TASK ITEM:
After locating the line with "Tonnino Yellowfin Premium" below, output it and each following line exactly, stopping after the line with "has premium material". No pictures.

RECORDS SHOWN:
+ + + + + + +

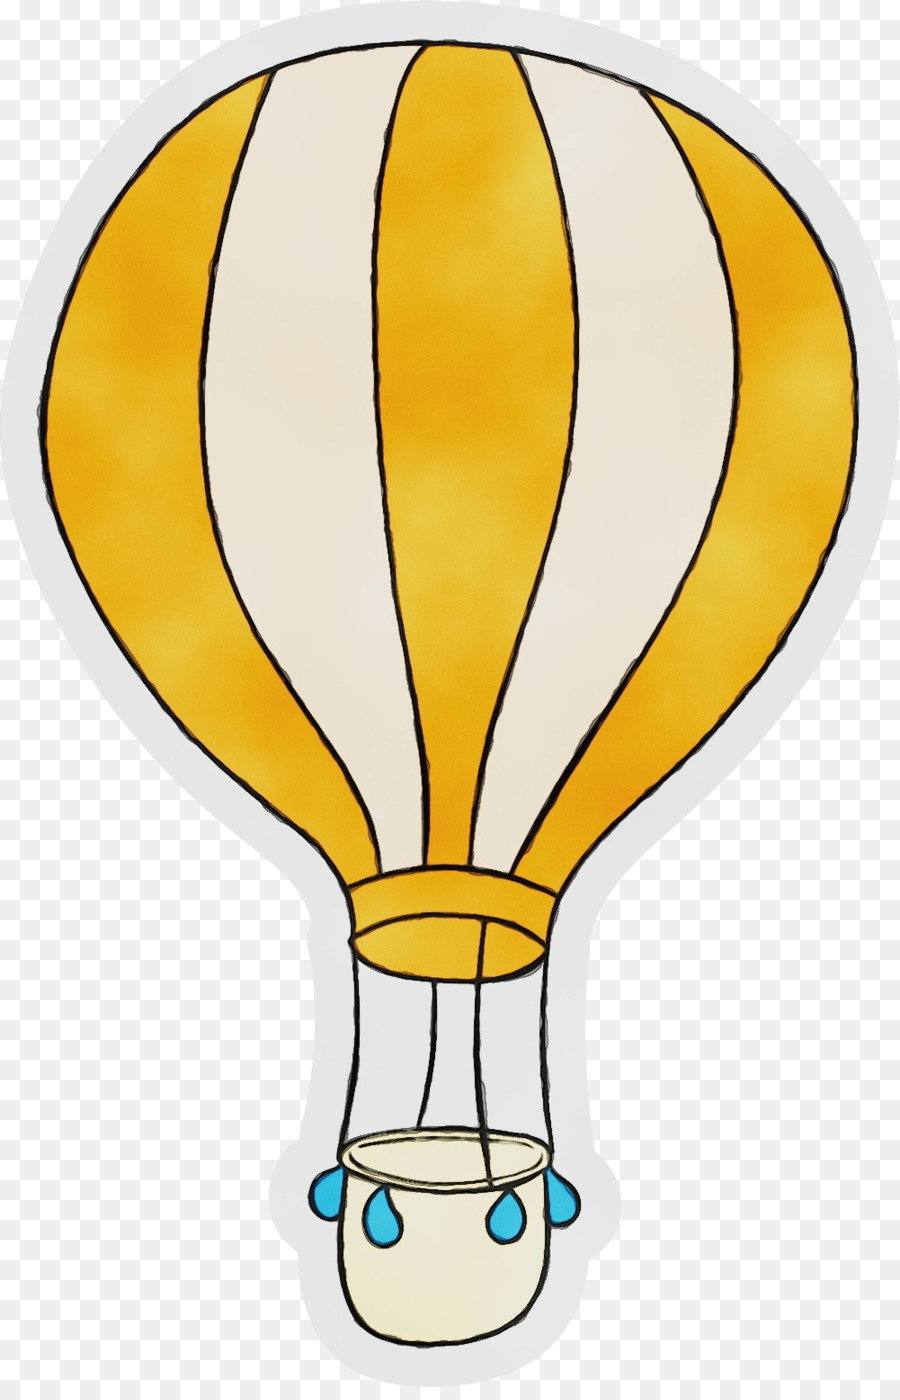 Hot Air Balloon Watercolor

+ + + + + + +

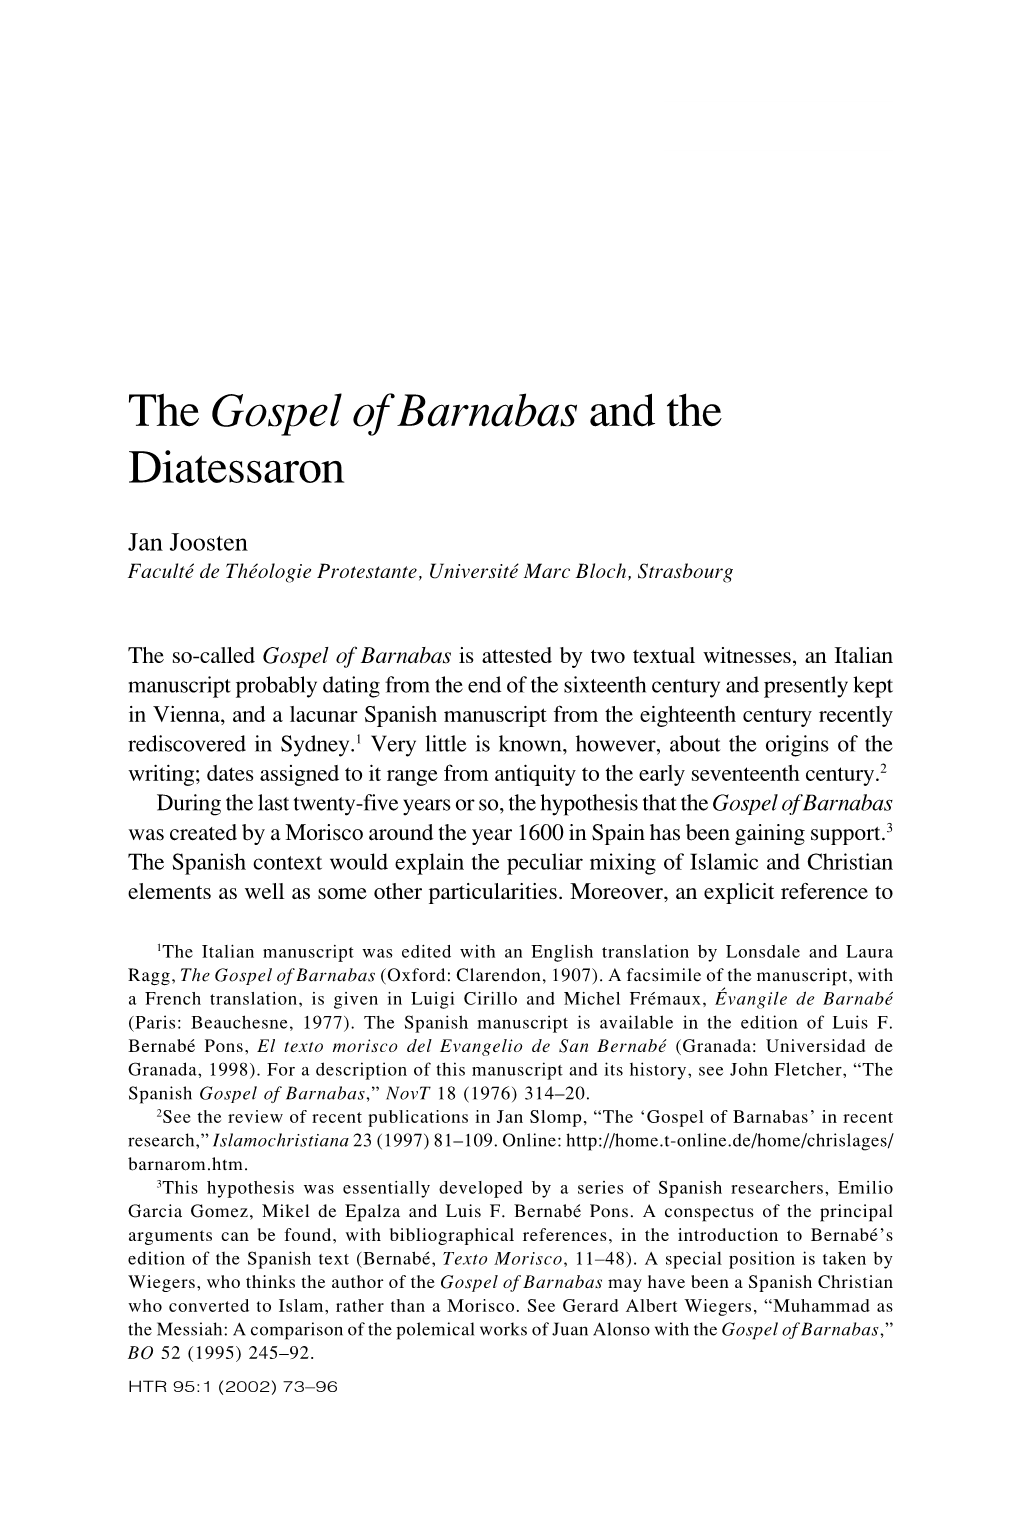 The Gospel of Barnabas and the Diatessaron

+ + + + + + +

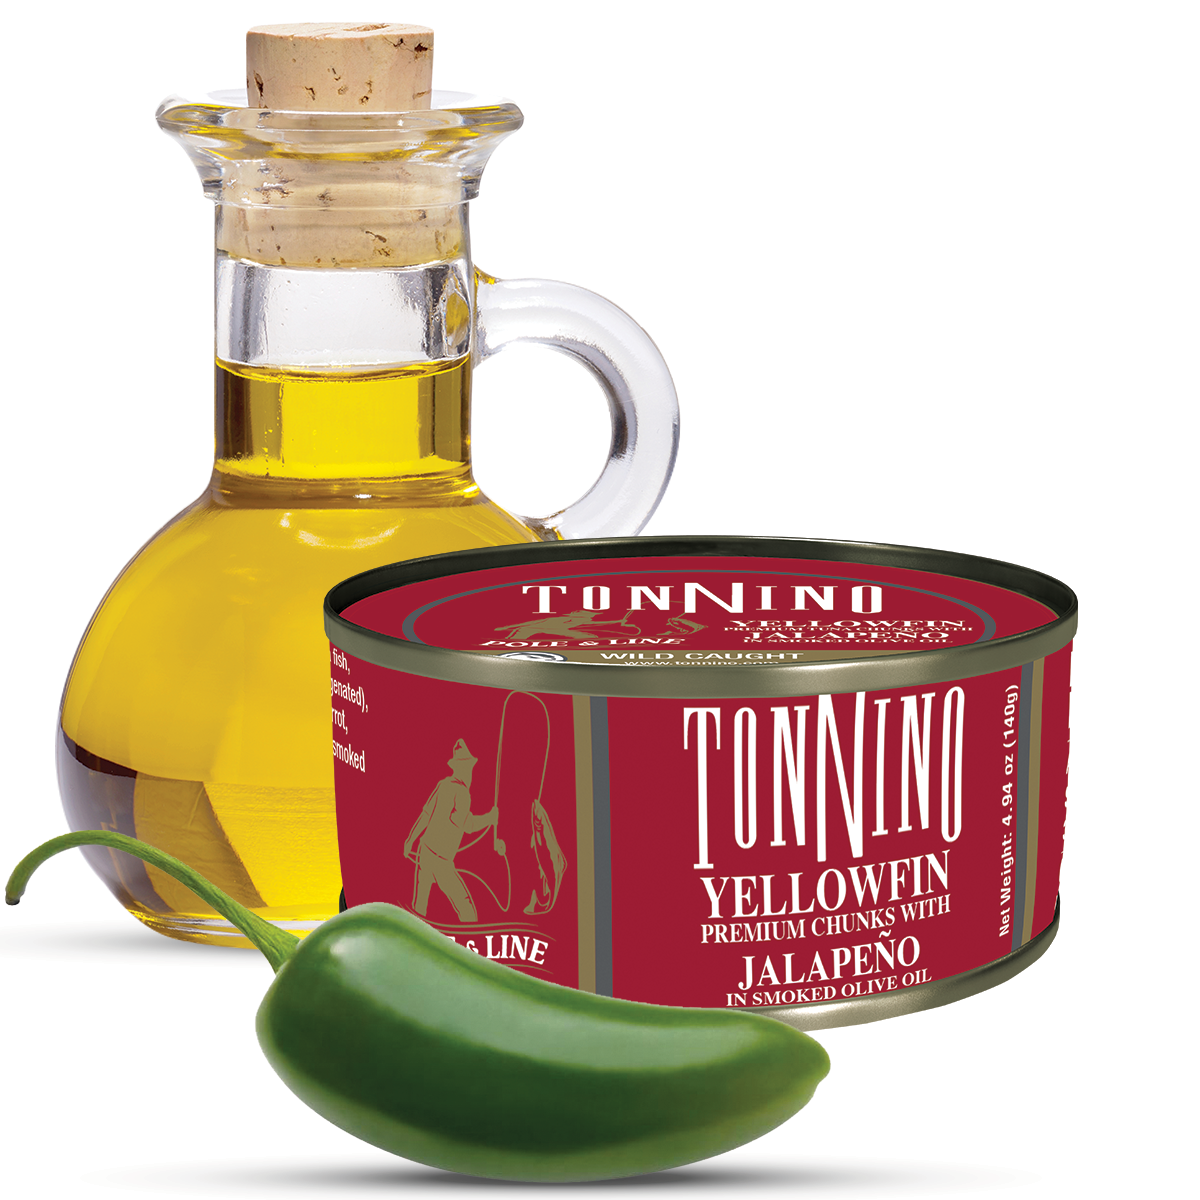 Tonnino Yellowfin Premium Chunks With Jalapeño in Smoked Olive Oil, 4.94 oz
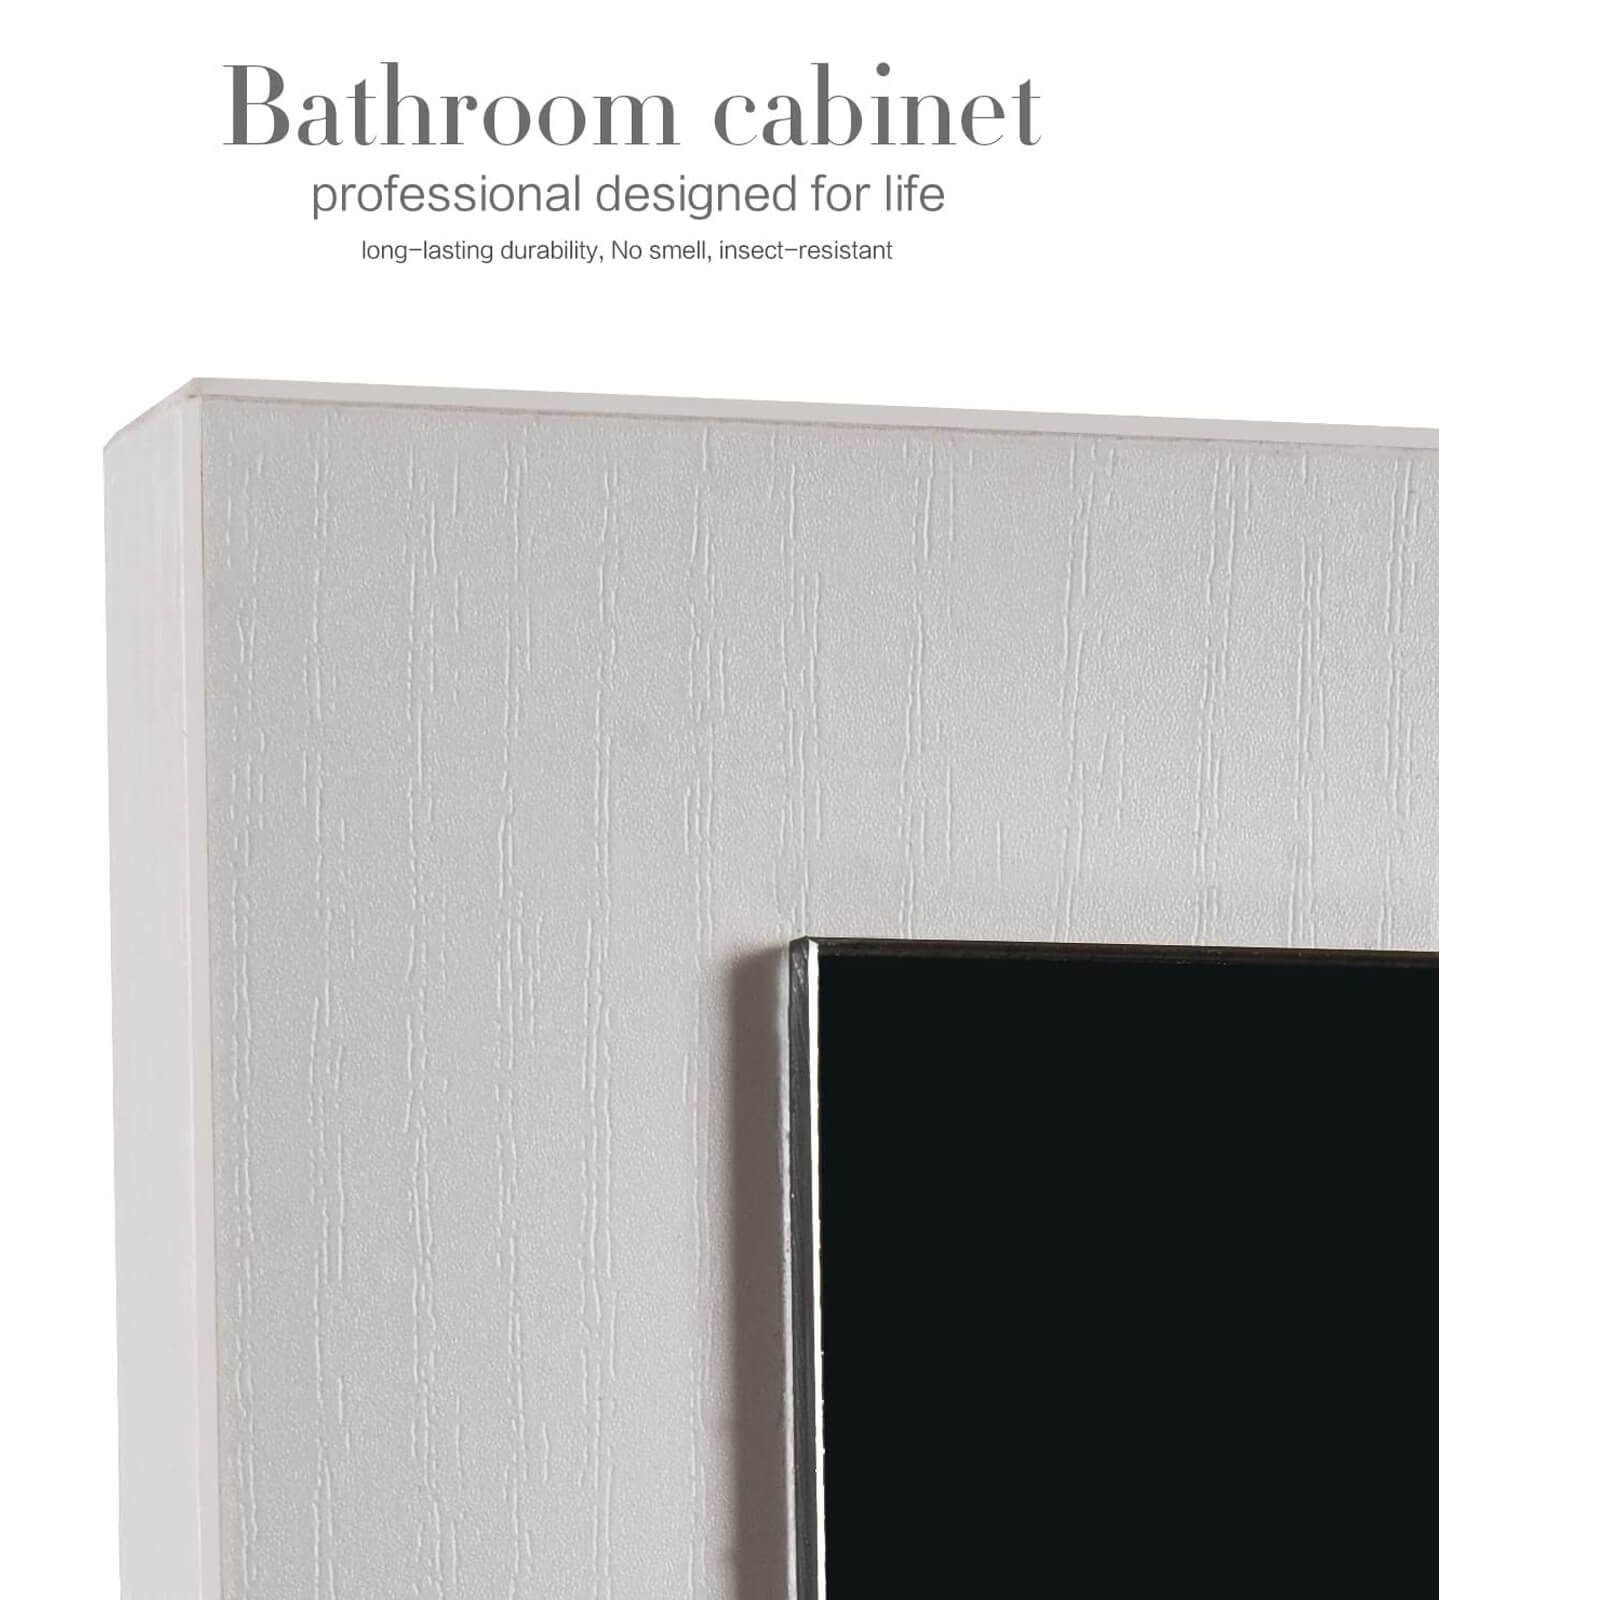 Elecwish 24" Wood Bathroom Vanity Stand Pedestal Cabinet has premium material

+ + + + + + +

EXERCISE RESPONSE:
 Tonnino Yellowfin Premium Chunks With Jalapeño in Smoked Olive Oil, 4.94 oz
 Elecwish 24" Wood Bathroom Vanity Stand Pedestal Cabinet has premium material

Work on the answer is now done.